Rh factor is a specific antigen (D) located on the surface of red blood cells. The widely used terms “Rh”, “Rh-positive” and “Rh-negative” refer specifically to the D-antigen and explain its presence or absence in the human body. Blood group compatibility and Rh compatibility are key concepts that are individual identifiers of human blood.

Blood group compatibility

The theory of blood group compatibility arose in the mid-20th century. Hemotransfusion (blood transfusion) is used to restore the volume of circulating blood in the human body, replace its components (erythrocytes, leukocytes, plasma proteins), to restore osmotic pressure, in case of hematopoietic aplasia, infections, burns. The transfused blood must be compatible both by group and by Rh factor. The compatibility of blood groups is determined by the main rule: the donor’s red blood cells should not be agglutinated by the plasma of the receiving party. Thus, when agglutinins and agglutinogens of the same name (A and α or B and β) meet, the reaction of sedimentation and subsequent destruction (hemolysis) of red blood cells begins. Being the main mechanism of oxygen transport in the body, the blood stops performing its respiratory function.

It is believed that the first 0(I) blood group is universal, which can be transfused to recipients with any other blood group. The fourth blood group AB(IV) is a universal recipient, that is, its owners can be transfused with blood of any other groups. As a rule, in practice they are guided by the rule of exact compatibility of blood groups, transfusing blood of one group, taking into account the Rh factor of the recipient.

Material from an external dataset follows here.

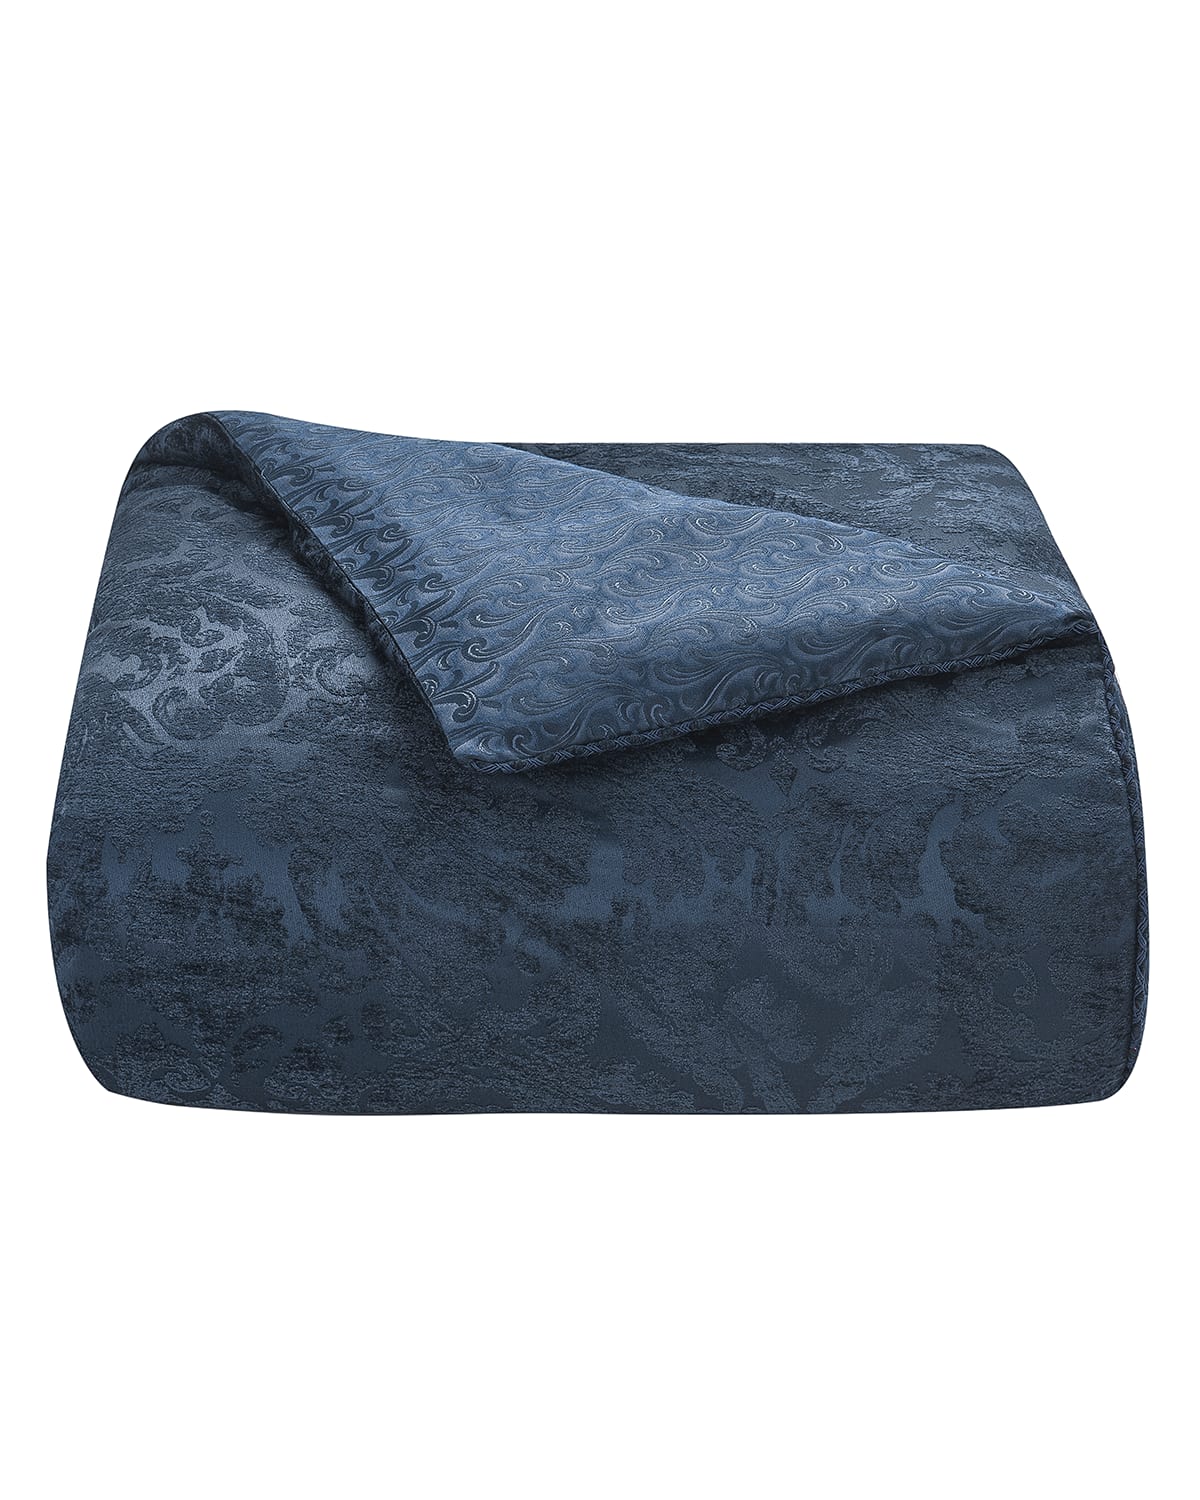 Image Waterford Leighton King Comforter Set

Blood type 1: compatibility with other groups

Holders of the first blood group 0(I) Rh– can become donors for all other blood groups 0(I) Rh+/–, A(II) Rh+/–, B(III) Rh+/–, AB(IV) Rh+/–. In medicine, it was customary to talk about a universal donor. In the case of 0(I) Rh+ donation, the following blood groups can become its recipients: 0(I) Rh+, A(II) Rh+, B(III) Rh+, AB(IV) Rh+.

Currently, blood group 1, whose compatibility with all other blood groups has been proven, is used for blood transfusion to recipients with a different blood group in extremely rare cases in volumes of no more than 500 ml. For recipients with blood group 1, compatibility will be as follows:

• with Rh+, both 0(I) Rh– and 0(I) Rh+ can become a donor;
• with Rh–, only 0(I) Rh– can become a donor.

Blood type 2: compatibility with other groups

Blood group 2, whose compatibility with other blood groups is very limited, can be transfused to recipients with A(II) Rh+/– and AB(IV) Rh+/– in case of negative Rh factor. In the case of a positive Rh factor Rh+ group A(II), it can only be transfused into A(II) Rh+ and AB(IV) Rh+ recipients. For those with blood type 2, compatibility is as follows:

• with its own A(II) Rh+, the recipient can receive the first 0(I) Rh+/– and the second A(II) Rh+/–;
• with its own A(II) Rh–, the recipient can only receive 0(I) Rh– and A(II) Rh–.

Blood group 3: transfusion compatibility with other groups

If the donor is the owner of blood group 3, the compatibility will be as follows:

• with Rh+, the recipients become B(III) Rh+ (third positive) and AB(IV) Rh+ (fourth positive);
• at Rh–, the recipients become B(III) Rh+/– and AB(IV) Rh+/–.

If the recipient is the owner of blood group 3, the compatibility will be as follows:

• for Rh+, donors can be 0(I) Rh+/–, as well as B(III) Rh+/–;
• in case of Rh–, holders of 0(I) Rh– and B(III) Rh– can become donors.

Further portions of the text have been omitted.